Were the past weeks still in the future, would I pursue the same course? Well, I cannot argue from what I am to what I was. Up to the time when Sinfire appeared, my life had been all thought and speculation, but, so far as action was concerned, only a dull level of monotonous routine,—no memories, no anticipations, no events. Then, during one flying summer, I lived through the full height and depth of my nature. The action and passion of a lifetime were concentrated in that little space. The torch flamed up royally for a moment; but now it flickers, and perhaps it will die out. Indeed, I feel an indifference stealing over me: few terrors, and few joys, could quicken my pulses now. I have made trial of myself, and the result is not very satisfactory. I thought I had in me the making of a great man; but a great man is great for a lifetime,—not merely for an hour. I have cleared my way, and am ready to begin my career; but, now that all else is won, the enterprise is lacking. Some men, it would seem, are mocked in their very creation: they feel within them the stirrings of what seems to be a mighty soul; they follow its dictates, and, behold I all that fine flame exhales away, and leaves nothing but dust and ashes. It was but the spectre of a mighty soul,—a will-o'-the-wisp, that tempts them to destruction.

Yet there is one thing that can reanimate me, and perhaps stimulate me to fulfil the destiny I had imagined. If Sinfire gives herself to me, I am happy, I am in heaven, and the powers of hell shall not prevail against me. She is my life-blood, and the breath of my nostrils. Who she is, whence she comes, and for what end, I know not; but she has made herself my earth and my heaven, my space, my fate. Will she vanish as she came? The sun sets, and darkness falls; but anon the cast is afire, and he comes again. But upon the night of her departure—if she depart—no dawn will ever rise.

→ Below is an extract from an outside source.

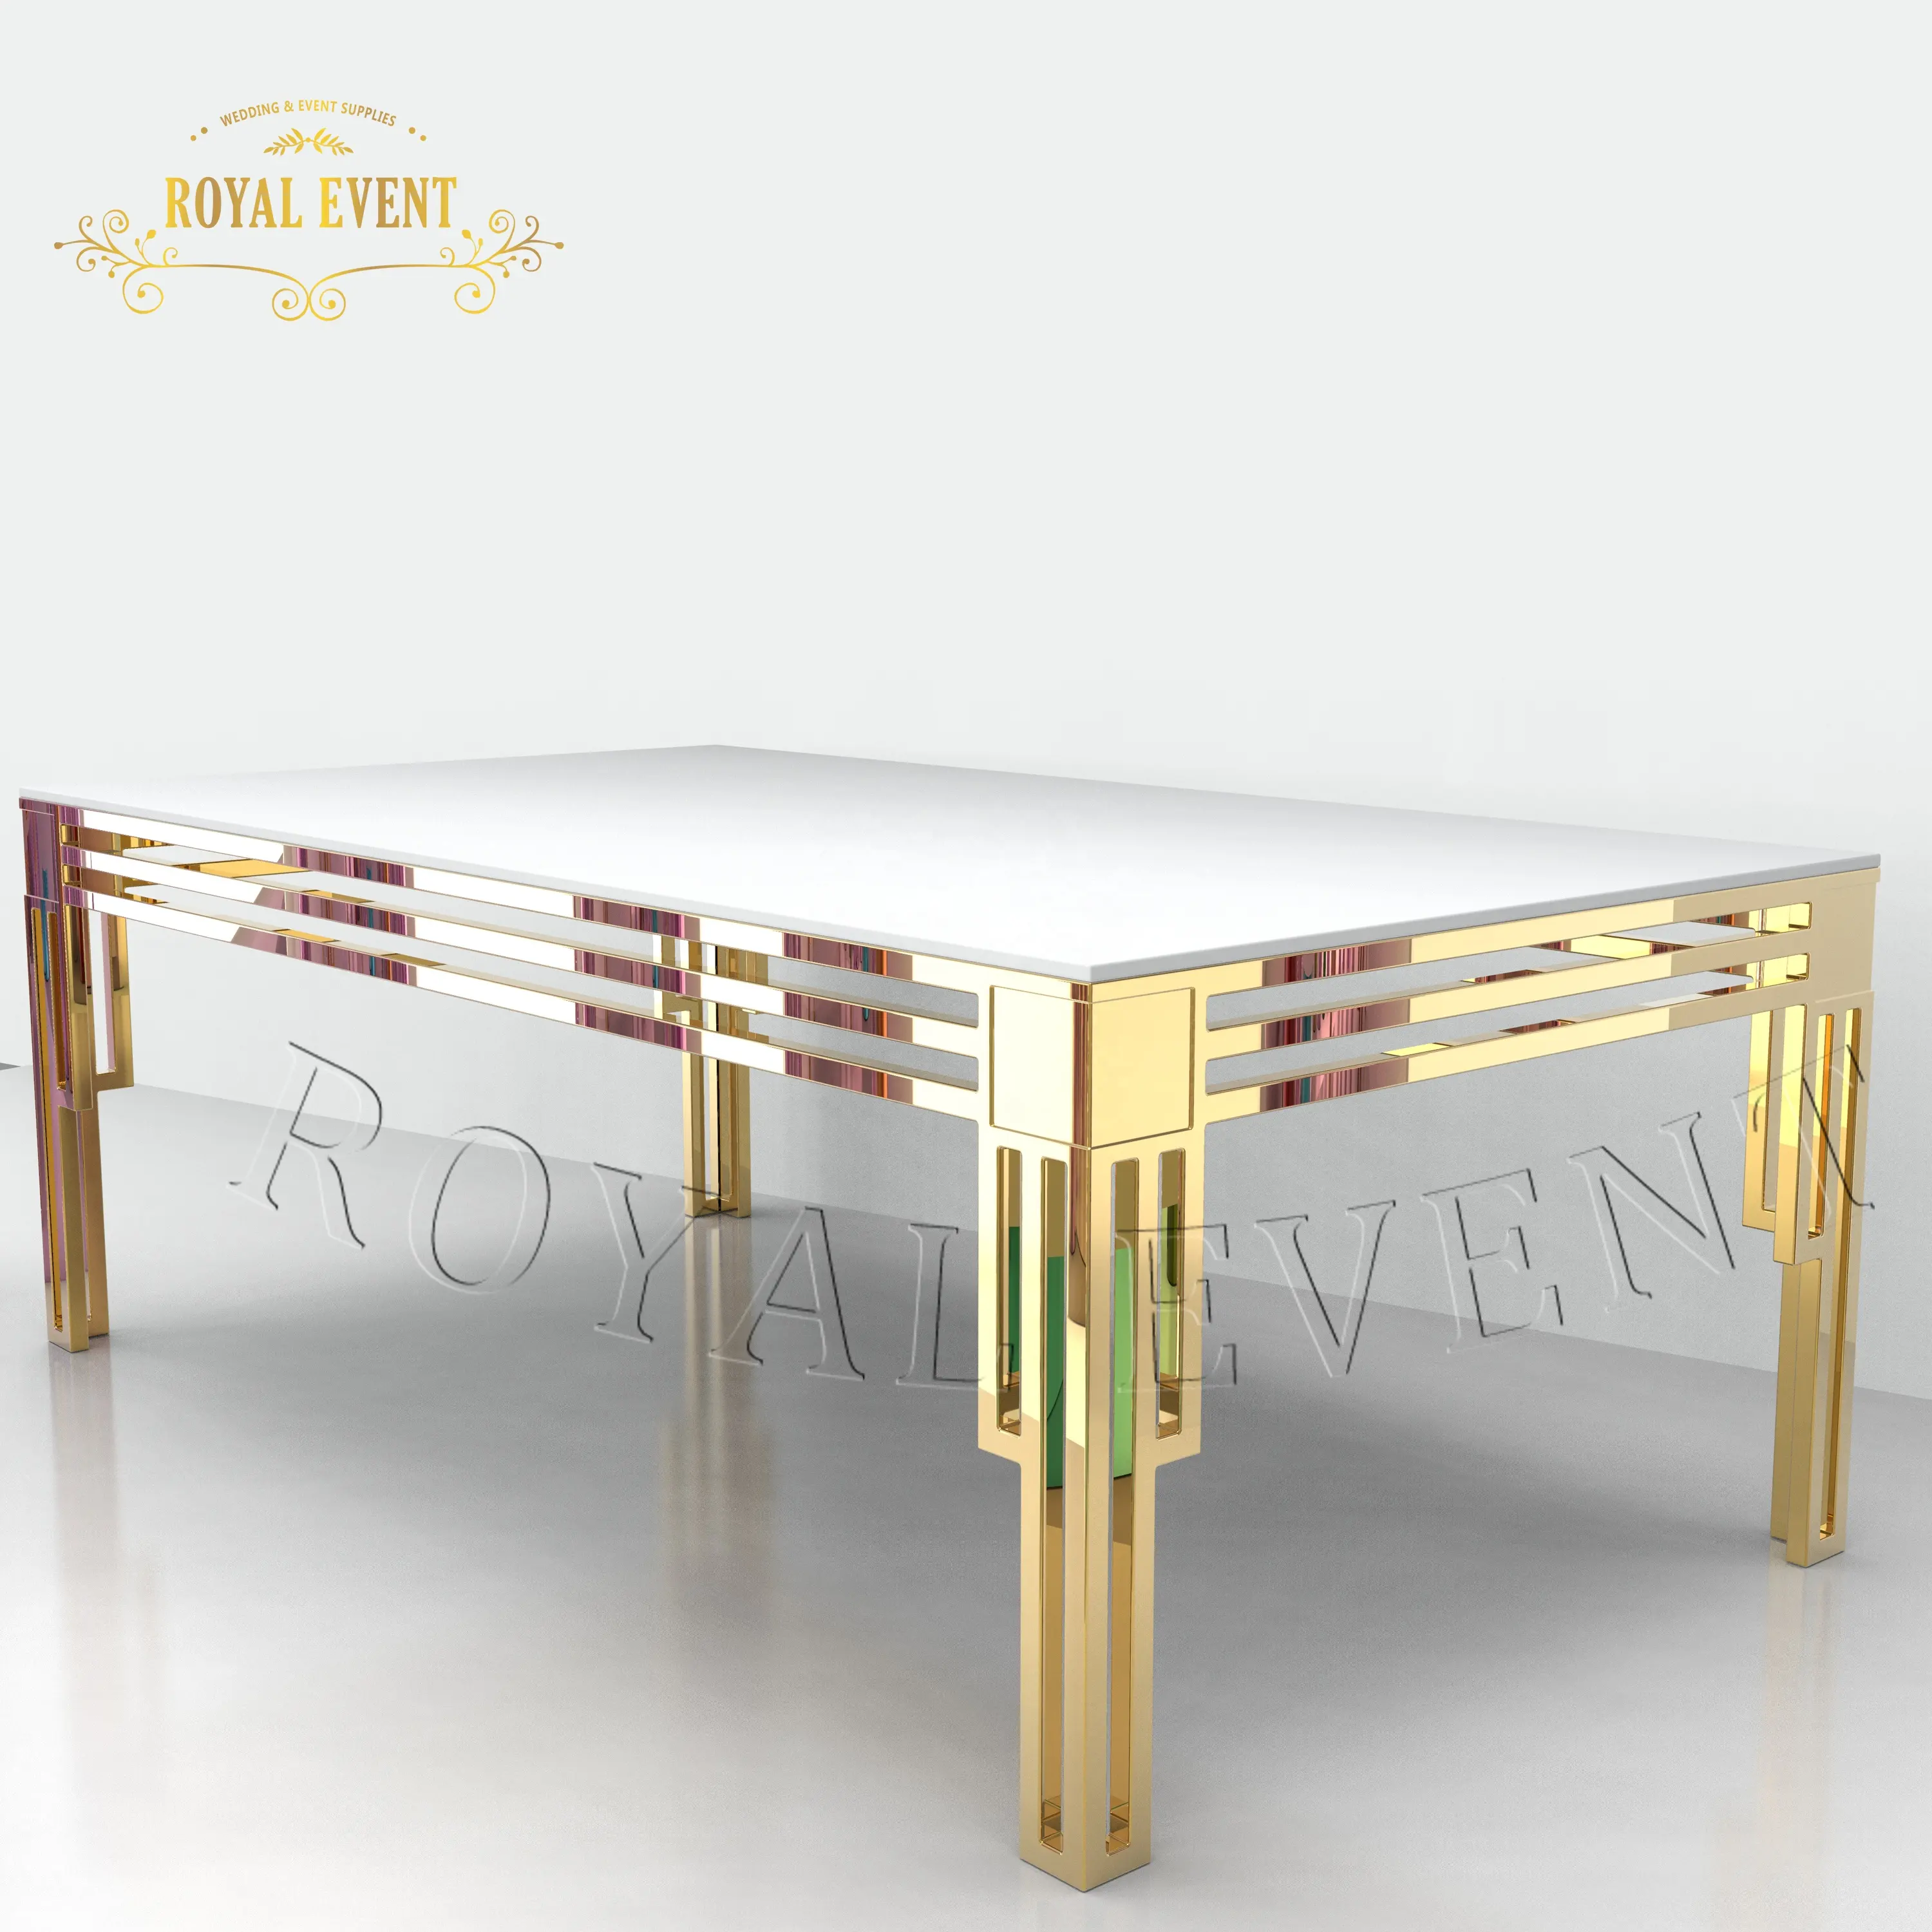 Luxury Hotel Furniture Stainless Steel Dining Table With Glass Wedding Table For Events

I cannot feel any confidence or security. She seems, when I fix my thoughts upon her, to be far off, and still receding. I am crushed down by some nameless oppression of evil visions. The ghosts of my dead brothers seem to be lying in wait for me in the gloom. But Sinfire can rescue me: her soft white hand can save me. She is my God: I can look to no other. But if she fails me, what then?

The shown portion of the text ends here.